Catalytic pyrolysis of olive pomace for biofuel production: Application of metal oxide-modified zeolite catalysts

Abstract

Catalytic pyrolysis of olive pomace (OP) was studied in a quartz fixed bed reactor at 500 °C. Due to the presence of high amounts of oxygenated components (OC) in bio-oil, the aim of this research was upgrading of bio-oil to valuable biofuel. Synthesized MgO, CaO, NiO, and Co3O4 modified zeolite catalysts were examined at several catalysts to biomass (C/B) ratios (0.2, 0.3, 0.4, 0.5, and 5). Different characterization method including Brunauer–Emmett–Teller (BET) and N2 adsorption/desorption isotherm analysis, X-ray diffraction (XRD), scanning electron microscope-energy dispersive X-ray spectroscopy (SEM-EDS) were performed to identify the synthesized catalysts. Results showed that the bio-oil yield decreases in catalytic pyrolysis. All metal-modified zeolite catalysts reduce the content of OC as undesirable compounds and increase aromatic and aliphatic hydrocarbons as valuable products in the bio-oil.

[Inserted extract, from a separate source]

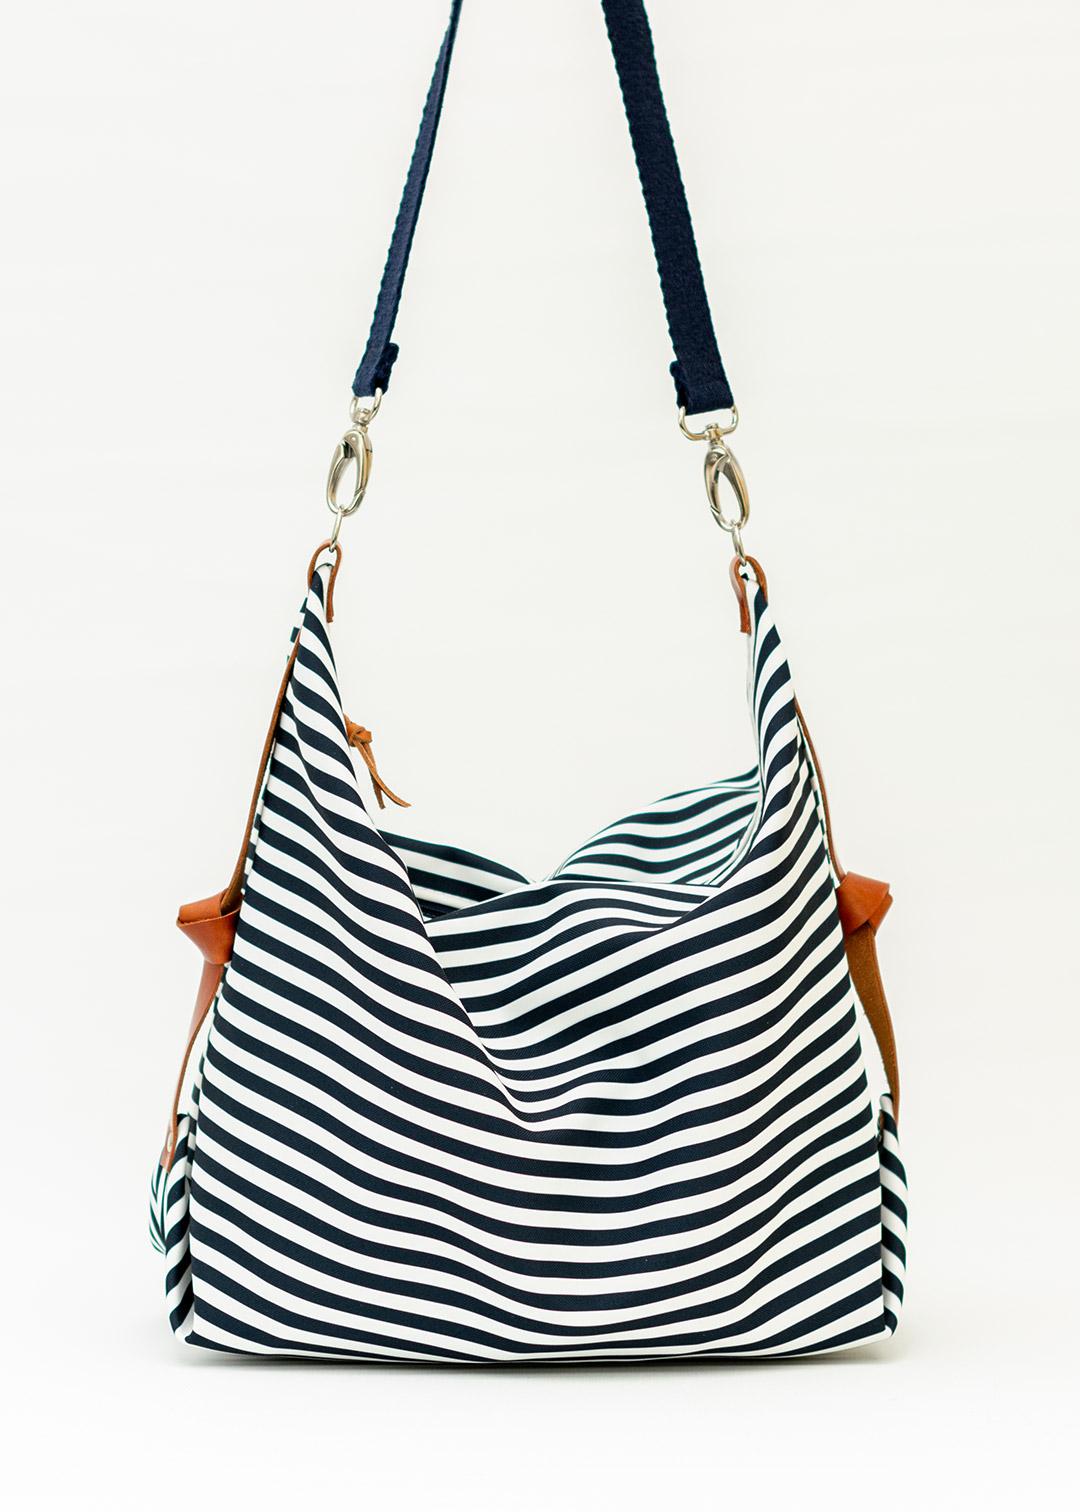 Marabara y sus bolsos a rayas marineras ideales para ir a la playa

Using MgO, CaO, NiO and Co3O4 supported on zeolite catalysts, increase notably the aromatic hydrocarbons content to 82.43%, 79.10%, 79.91%, and 79.19%, respectively at C/B ratio of 5. At the C/B ratio of 5, the elimination rate of total OC for MgO/zeolite and CaO/zeolite catalysts reach to 90.56% and 86.94%, respectively. For NiO/Zeolite and Co3O4/zeolite, this value is equal to 89.30% and 86.39%, respectively.